In the current cost conscious environment, financial institutions need to push back on their vendors and make sure they have conducted a thorough evaluation of the data they are receiving from them, says Olivier Rose, head of projects and international market data management at French bank Société Générale Securities Services (SGSS). Rose, who has been involved in the recent negotiations with Bloomberg regarding service provider agreement (SPA) contracts, explains that SGSS currently has 12 data providers, all of which were selected due to their reliability rather than just on a cost basis.
The French headquartered bank has increased the number of data feeds it receives significantly over the last eight years, says Rose, who has worked for SGSS for the last five years. The bank has also moved to a new system from SunGard to support its fund administration division. “We now have three primary data feeds, have increased our budget for data management by five times and have gone from two providers to 12,” he elaborates.
SGSS is currently present in six countries (France, Luxembourg, Spain, Italy, Germany and UK and Ireland) and has been forced to increase its data management budget over recent years in order to accommodate the increase in the number of securities with which it deals. Over the last six years, the firm has moved from dealing with 22,000 securities to around 100,000 and from dealing with one million data fields to 100 million, continues Rose.
“Getting the data is relatively cheap compared to the process of cleaning the data up in order to able to use it,” he explains. “Budget declines have meant that no one wants to pay for that extra data or the extra processes required to improve data quality.”
The data departments of financial institutions such as SGSS are therefore being challenged to do more with smaller budgets and deal with the fallout of intense M&A activity that has left firms with even greater silos to overcome. There is also pressure to deal with the gaps in analytics that have emerged as a result of a greater focus on risk management and new compliance requirements from the regulatory community.
Rose reckons there is little to no quality in the data firms receive from vendors: “ISIN codes seem to require the least amount of data scrubbing but even they can be wrong. Once firms understand that there is no quality in this data then they can work together to tackle the problem.”
Controls and processes are needed to ensure data quality and this includes evaluations of vendors’ data coverage and reliability. “In meeting this challenge, banks need to recognise that data and not IT is the greatest asset,” says Rose. “Firms need to work closer with the end client to identify their data needs and get to know their providers.

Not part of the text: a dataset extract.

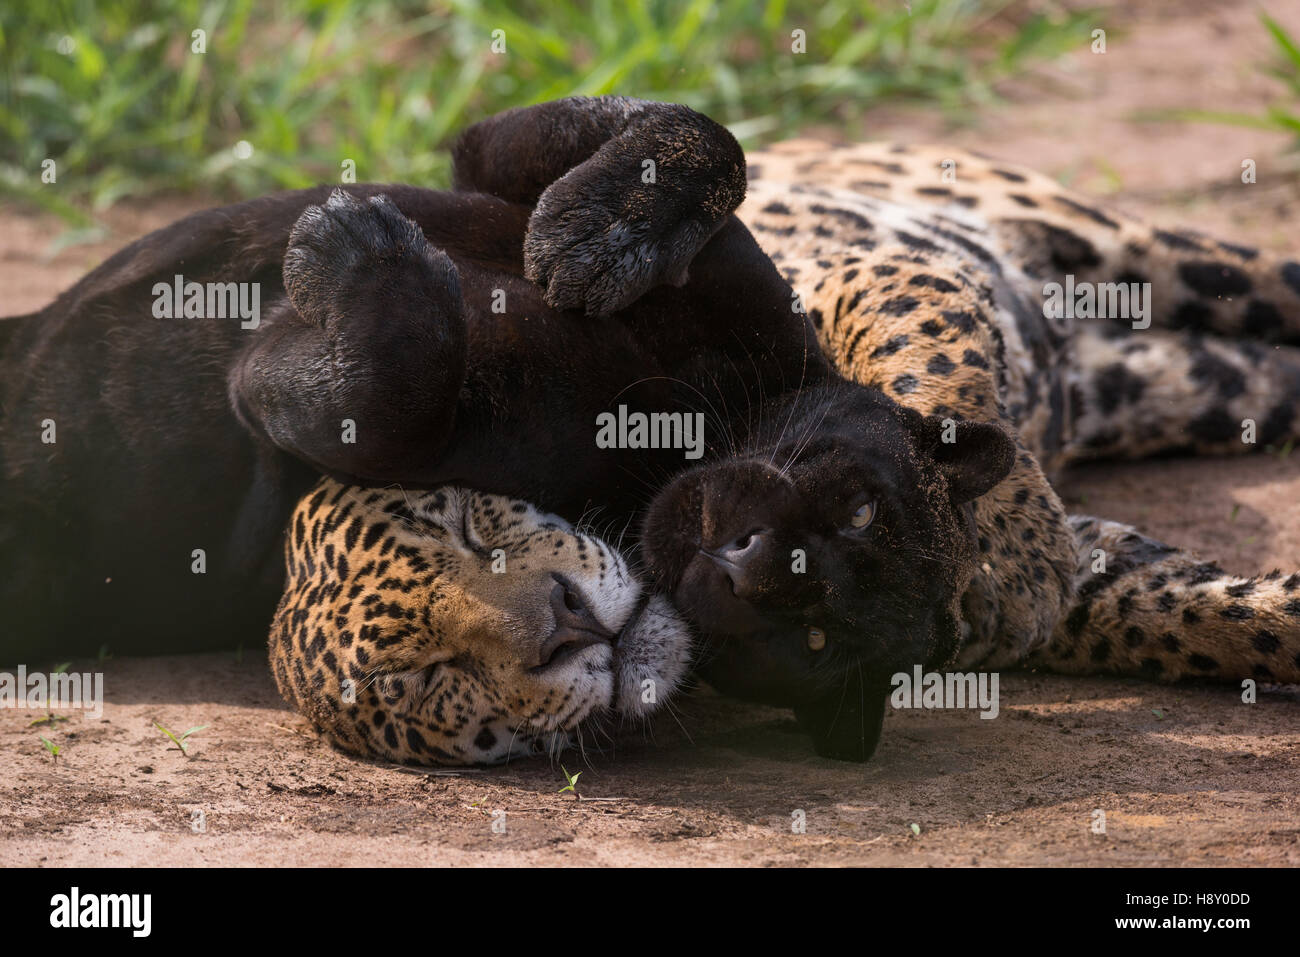 A dark (melanic) jaguar and a normal patterned one. This is a pair, male and female. Stock Photo

Renegotiation of contracts is not enough, first firms need to define how they work with these players and develop an organisational approach.” This needs to take into account how end clients are charged for data, as traditionally clients have not seen the cost of data management being included in firms’ pricing structures.
This has been an issue in the recent negotiations with Bloomberg, which was planning to introduce a new SPA contract structure at the start of this year. The changes would have meant fund administrators would need to pay for end client usage of the data rather than just for their own usage. This would significantly increase the costs for fund administrators but would be difficult to pass on to end clients, according to Cossiom.
Data vendors are certainly in for a tough time again this year. Rose suggests that rather than KYC, the focus for this year should be “know your provider”, including their coverage, solutions proposals and general market opinion on the vendor. “There are ratings for issuers, why not for providers?”